A drawback of the prior art flat panel display system is that all types of drivers have a measurable amount of offset evidenced in their outputs. Switches and other components in the driver can add a voltage error to the video signal which is transmitted over the columns. This voltage error creates objectionable visual artifacts which appear as vertical streaks on the screen. These streaks and artifacts are what the present circuit is incorporated into the system to eliminate. The present flat panel display with the error convergence circuit is shown in

Figure 2. As with the prior art system column and row drivers provide signals to the flat panel display in order to generate an image. The type of flat panel displays which may be used are of the types which employ column drivers, active matrix and passive matrix types of liquid crystal displays being examples. The row and column drivers each receive timing signals which synchronize the transmission of the signals. Incorporated into the circuit is the error convergence circuit 20 and the selective switch 12. In the particular embodiment shown in Figure 2, the selective switch is in direct electrical connection with the individual column lines of the flat panel display. This is merely one embodiment, and is not meant to limit the scope of the invention. The selector switch is in electrical connection with both the column lines and the error convergence circuit and is a multi purpose switch which routes signals transmitted over the column lines. The selector switch switches to a particular column on a rotating basis and directs that signal into the error convergence circuit 20.

The elements which make up the error convergence circuit are shown in detail in Figure 3. The image signal which passes through the selector switch 12 is transmitted to the error measurement device 22. A control signal from controller 28 determines which column the selector switch makes electrical contact with. Connected to the error measurement device 22 is reference voltage 26. The error measurement device in the preferred embodiment is a comparator and the reference voltage is input into one node of the comparator while the image signal from the columns is input in the other. The signal output from the comparator is an error voltage which is the difference between the column voltage(s) and the reference voltage(s).

Error measurement device 22 is in electrical connection with error memory device 24. This memory device stores the error voltage values for each column of the display or each group of columns. Information input into the memory device is under the direction of controller 28 and is given an address in the memory according to the column or group of columns the error voltage was generated from. Controller 28 is a microcontroller or a microprocessor type of device. The microcontroller may have a scratchpad memory which can be used to implement the error memory function. One function of the controller 28 is to direct the flow of information into and out of the error memory. Implied in this controller is an address generator that provides read and write addresses to the error memory. In the present embodiment where the error signal is read directly from the error memory device 4 by the controller, the error signal is adjusted by a function, for example, a gain factor and routed to the error corrector component 29 for subsequent readout in real time, in synchrony with the raw video stream.
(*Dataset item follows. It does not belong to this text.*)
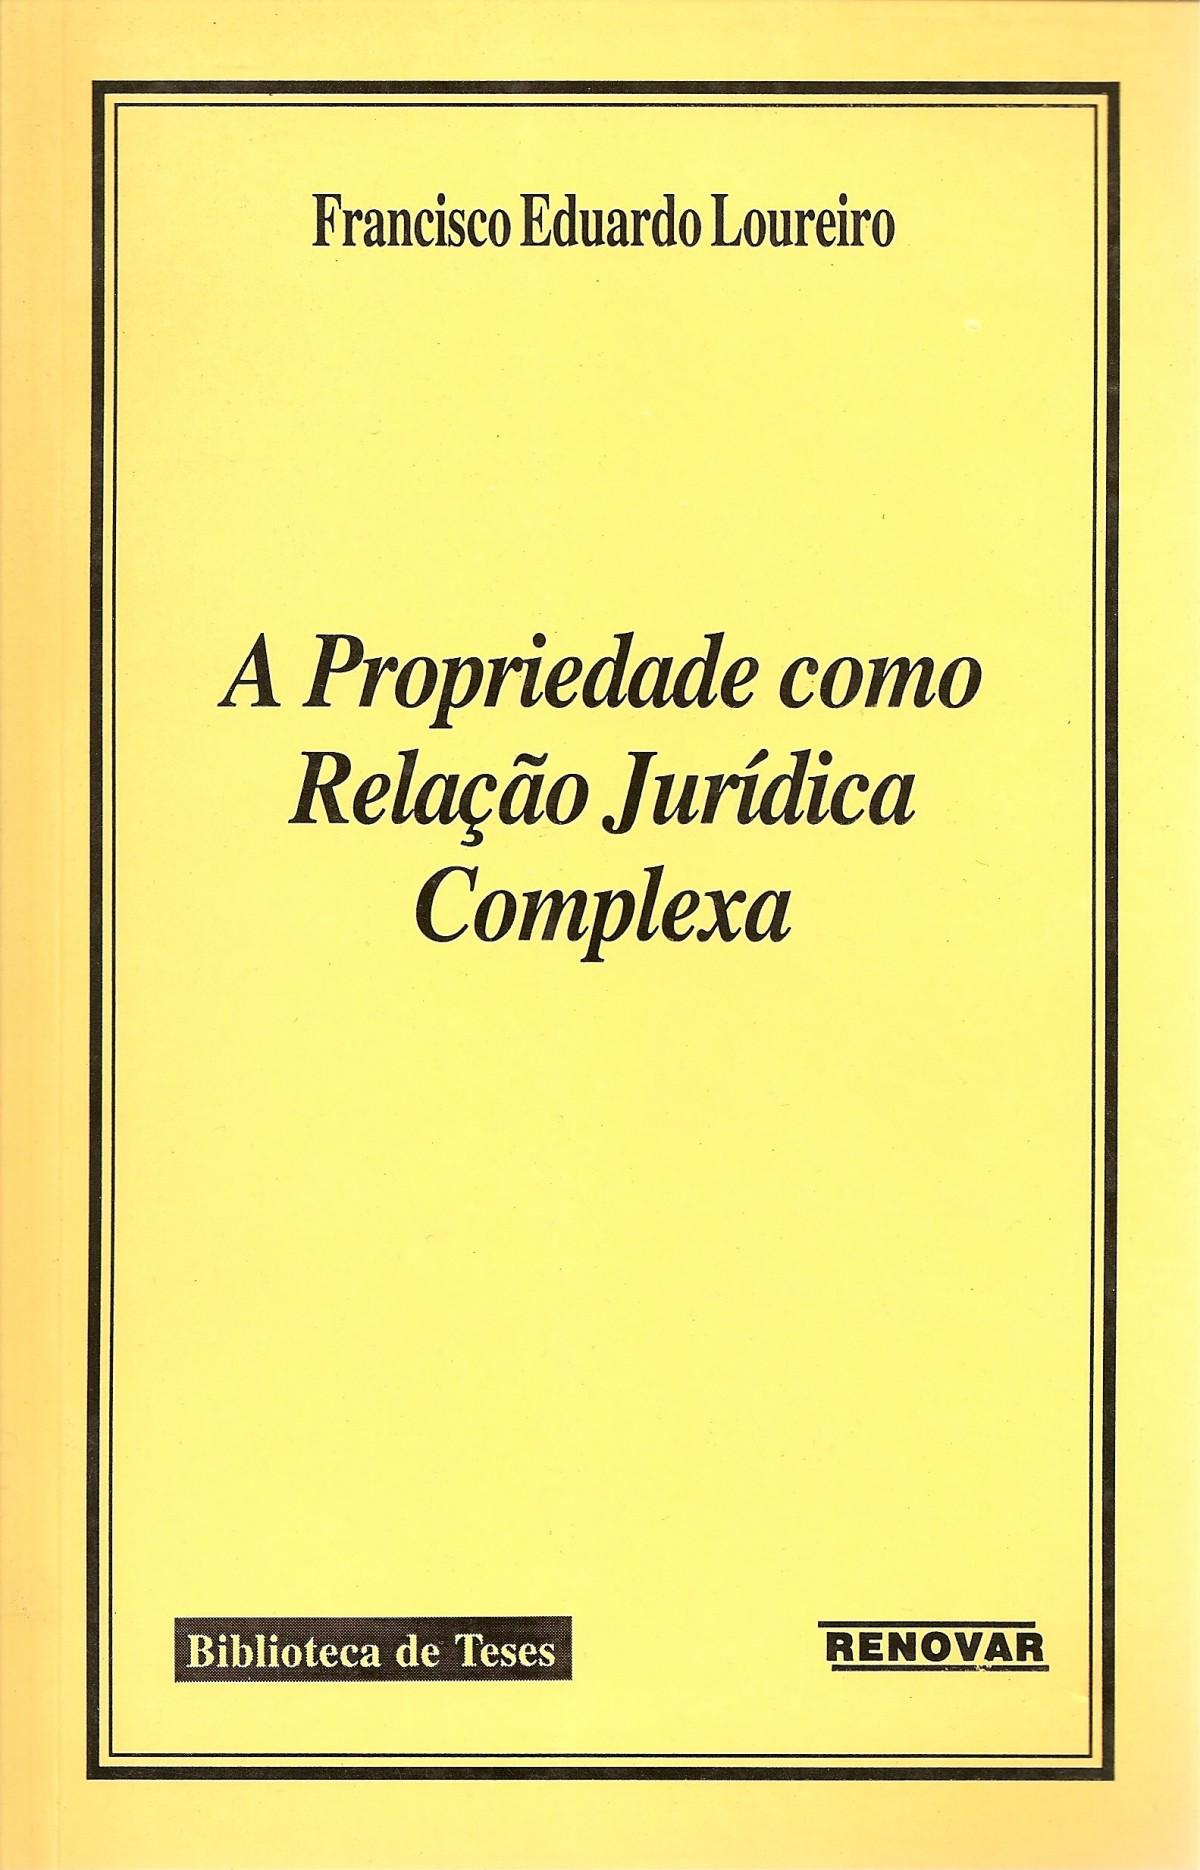 Foto 1 - A Propriedade como Relação Jurídica Complexa

The error correction device stores the value needed by the system to eliminate the voltage error. However, if the gain of the system is unity, the error correction device and the error memory may be identical and implemented as the same device. However, it is most likely that the two memories will have a different voltage offset and amplitude range than the signal needed to drive the convergence circuit. The modified error signal read from the error correction device 29 is added to the video stream through adder 32. The adder 32 is implemented as either a digital or analog device. Using an adder is one implementation, though any input into the column driver which can effect error correction is a possible substitute.

Row and column timing block 30 emits standard timing signals or derivatives thereof called row and column timing signals or sync pulses. The row and column timing for the display results from accessing three signals shown as V, H and P. V is the top row pulse which tells the system when the picture bottom has been reached during the scans and it is time to begin at the top of the screen and refresh the image from top to bottom. The H signal is the end of row clock which performs a similar function but horizontally tells the system when the right side of the screen has been reached and it is time to return to the left and start a new row. The P signal, shorthand for pixel clock, designates when counted from the left edge of the screen, where the raw video stream is horizontally. As stated above, its used to determine precisely the column position. The controller uses these signals to determine which column line should be at what voltage at a given moment. If, for example, raw video is routed to the controller, then the controller can determine which voltage should be present on the column for all positions. This is used to either drive the reference signal block or the error corrector block 29.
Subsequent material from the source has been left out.